Una lezione americana

Ci sono fili invisibili e potenti che sorreggono la struttura del mondo, racconta un antico canto degli indigeni Oorinani, vi sono fili tra cielo e terra, tra fiumi e montagne, tra il falco e il topo, tra la pietra e il serpente. Poi alcuni, rossi come il corallo, trafiggono gli uomini e li mettono in contatto tra loro.

E così fu che il 19 settembre del 1985 un ragazzino di 4 anni di Gales Ferry, nel Connecticut, mentre giocava insieme al fratello Van nel retro di un pick up parcheggiato a pochi metri da casa sua si immobilizzò guardando il cielo e vide lì, nelle scure nuvole che andavano addensandosi per il temporale in arrivo, un’immagine del proprio futuro. Il piccolo vide se stesso mentre raccontava storie.

Nello stesso istante in Italia, a Siena, all’ospedale di Santa Maria della scala, di fronte alla cattedrale cittadina, un vaso arterioso esplose nella testa di uno scrittore italiano, come se tutte le immagini che l’uomo conteneva in sé fossero talmente potenti da traboccare dalla sua struttura biologica.

Il nome del ragazzino è Casey Neistat, quello dello scrittore era Italo Calvino.

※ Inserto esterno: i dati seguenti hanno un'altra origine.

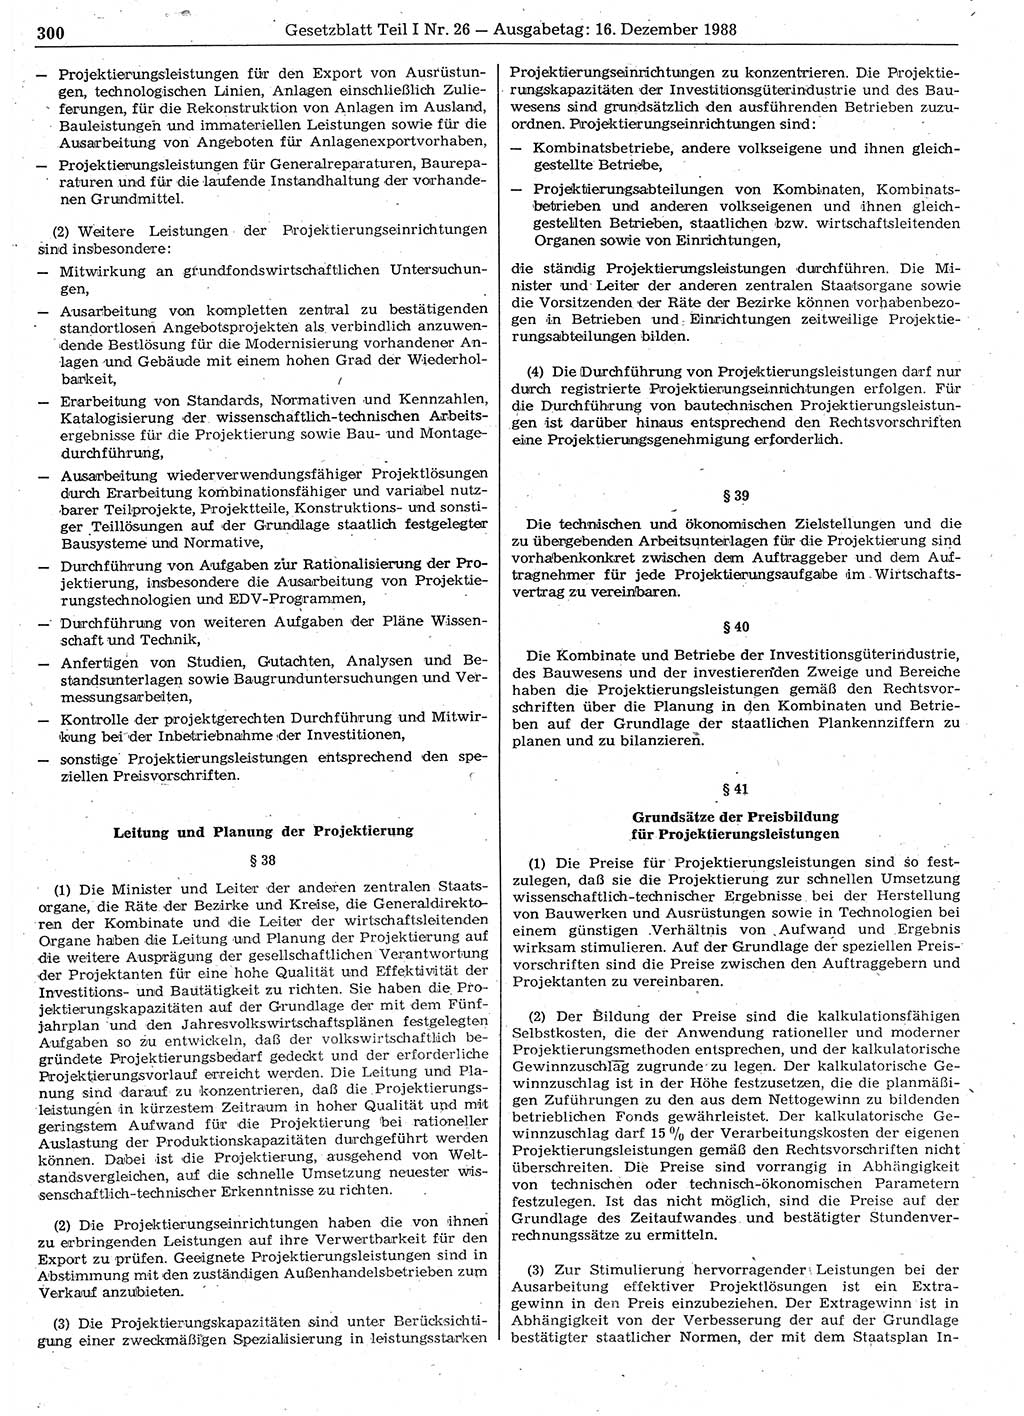 Gesetzblatt (GBl.) der Deutschen Demokratischen Republik (DDR) Teil Ⅰ 1988, Seite 300 (GBl. DDR Ⅰ 1988, S. 300)

Ci spostiamo a Anaheim, in California, tra il 23 e il 25 giugno appena trascorsi per rimettere in fila le circostanze di quest’associazione tra lo scrittore e il vlogger. Qui si consuma una conferenza annuale sui video on line, una riflessione sulla loro forza culturale, sulla comunicazione di questo millennio, sulla nuova prospettiva narrativa che il linguaggio in campo porta con sé.

Al centro di tutto, sempre, come fosse un antico mantra proveniente dalle più remote regioni della cultura umana, lo storytelling. La capacità di raccontare storie, i suoi modi, qui declinati attraverso uno specifico linguaggio.

In prima campeggia lo sponsor di YouTube. Il grande deposito enciclopedico della nuova era digitale, la miniera senza fondo di ogni possibile messaggio che un essere umano possa condividere con i suoi simili. La conferenza si chiama Vidcon e celebra se stessa attraverso l’arrivo delle star di questo territorio sconfinato che è il videomaking in rete.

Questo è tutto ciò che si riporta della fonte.